Tumors result from carcinogenesis and loss of control
of normal cells. The major biological characteristics of cancer
cells include abnormal appearance, functions, metabolism and uncontrollable
proliferation. Uncontrollable growth is the major reason responsible
for so many tumor-specific manifestations on morphology and pathology.
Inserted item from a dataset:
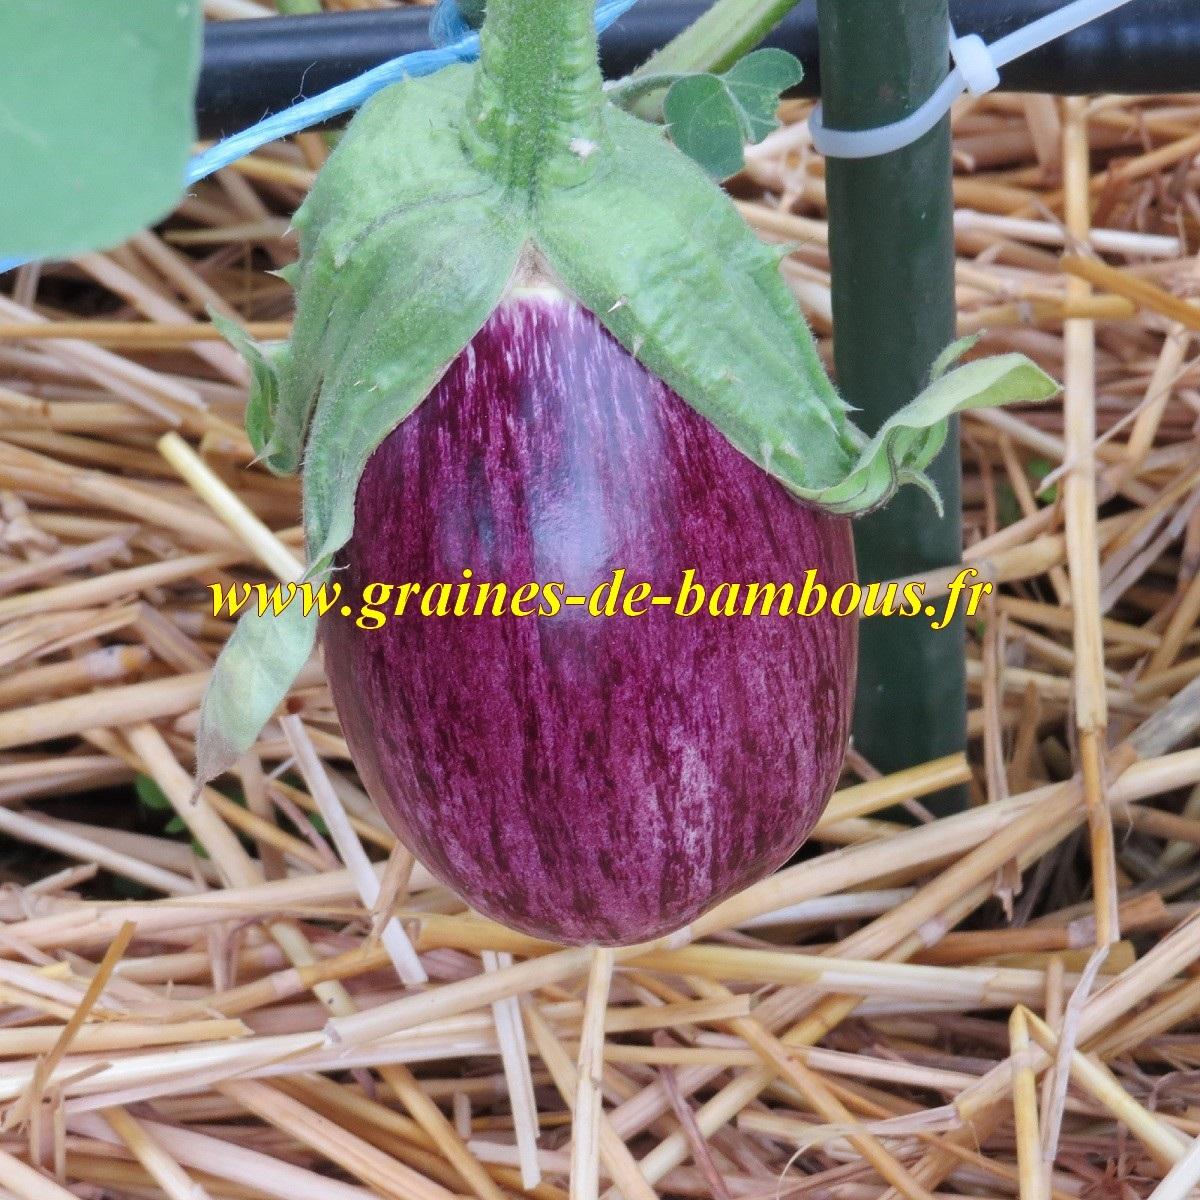 Graines aubergine tsakoniki fruit
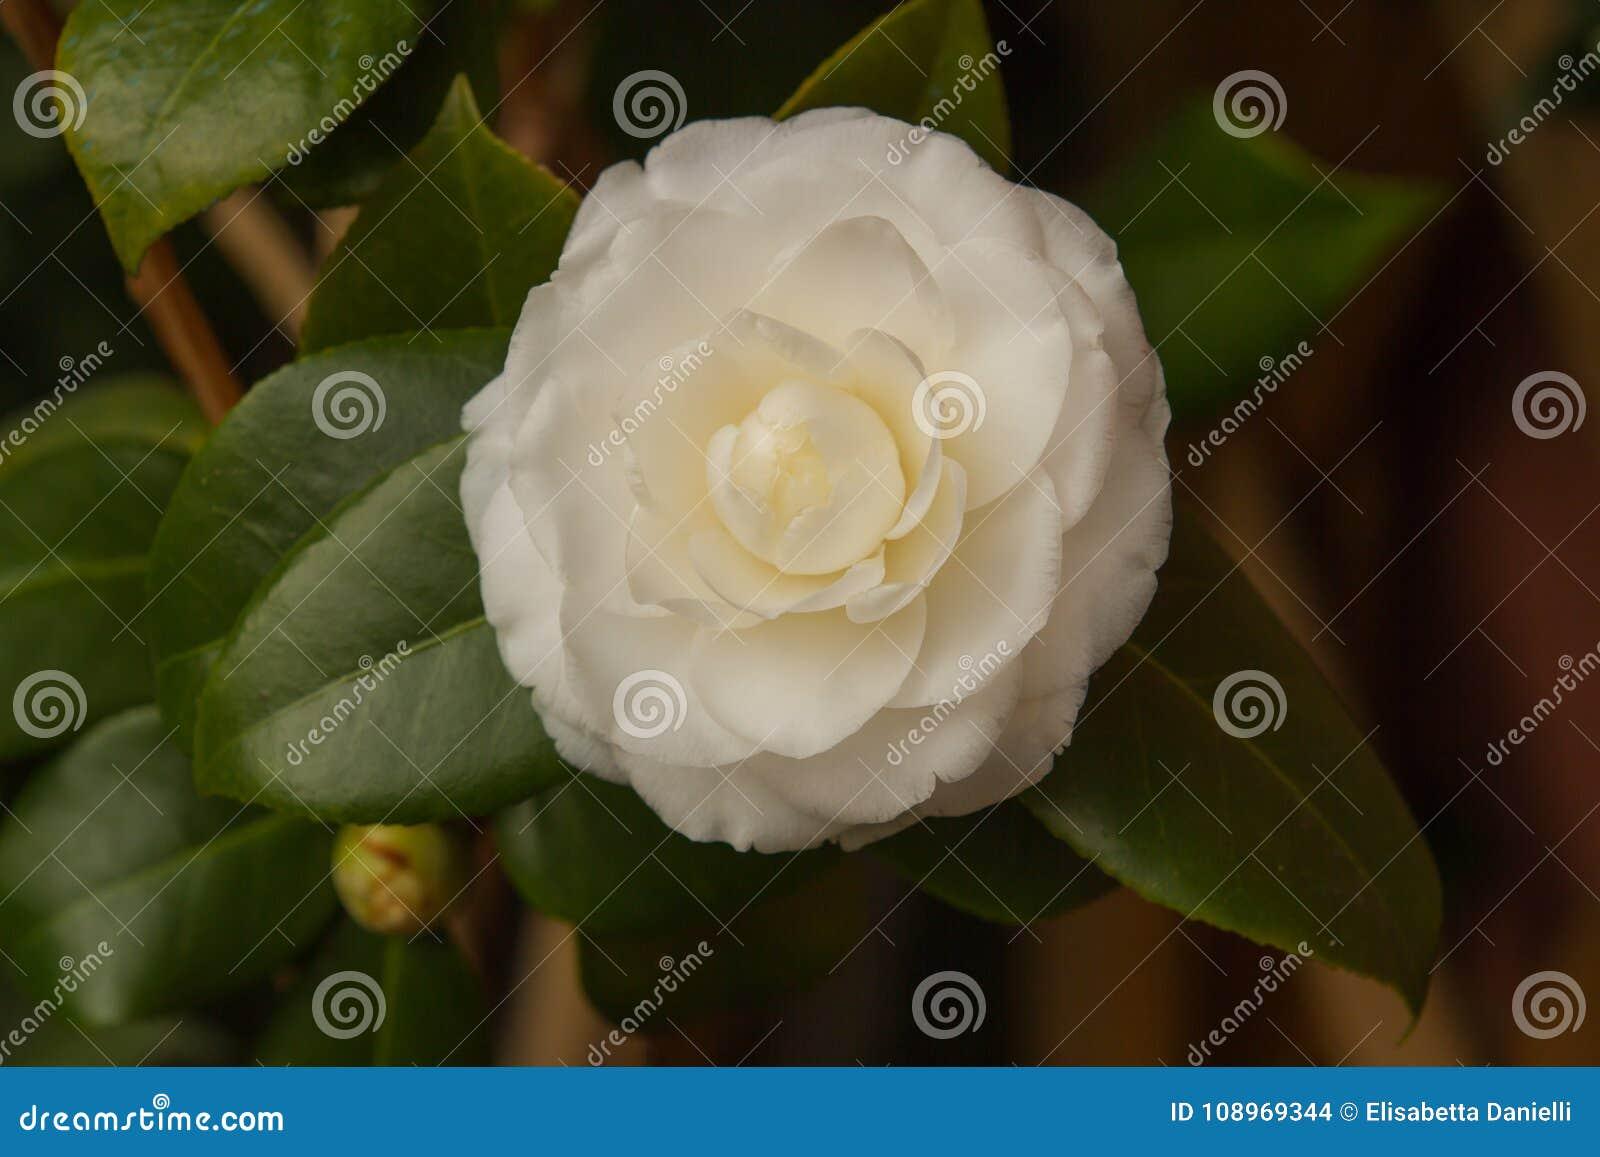 Camellia White Flower In Blossom Stock Photo Image Of Spring

A series of clinical symptoms, such as pain, loss of weight and
even death occur due to a large amount of cells pile up and result
in mass rapidly, as well as the fast-growing tumor cells transferring
to other regions of human bodies.
1. Mechanism of carcinogenesis
There are many reasons that can result in tumor cells, which include
a variety of carcinogenic factors, such as chemicals, radiation,
viruses and etc. It is also related to the abnormality of DNA, inheritance
as well as the immune and endocrine systems. Although almost everybody
might have contacted carcinogenic factors, not everyone can develop
cancers. The susceptibility is largely related to individual inherited
condition. The abnormal growth and differentiation of malignant
cells is because they have escaped from the normal cell controlling
mechanism. And the uncontrollable growth is due to the defect of
the genes controlling cell division, for example, the abnormality
of genes in leukocytes can result in leukemia. Therefore, tumors
can be called as a kind of genetic deficiency. Changes in genetic
material can easily occur at active cell proliferation stages, such
as pregnancy, infancy and early childhood. At these stages, many
organs and systems can grow and differentiate rapidly and numerous
cell divisions occur. Therefore the possibility of normal cells
transforming into malignant cells resulted from one or more genes
mutations are correspondingly increased.
A
tumor is a kind of disease caused by many reasons, via multiple
stages and multiple mutations. Almost all of tumors are originated
from a single mutated cell. Before they show clinical manifestations,
these cells usually have existed for more than ten years. During
this period, carcinogenic cells usually experienced four times but
less than ten times of mutations (Figure 1). The first mutation
makes the mutated cell easier to divide than normal cells. This
mutated cell and its offspring become very active, which is called
hyperplasia. At a certain point of this stage, one of these cells
undergoes mutation again, which makes the division of its offspring
uncontrollable and show an abnormal appearance, which is usually
called abnormal growth. Following that, a cell undergoes another
mutagenesis. The growth and appearance of this cell and its offspring
show to be abnormal. If the mutated cells still stay at the original
location, it is called original cancer. However, if some of the
cells undergo another mutation, which makes it possess the ability
to invade other organs, the tumor has been changed into malignancy.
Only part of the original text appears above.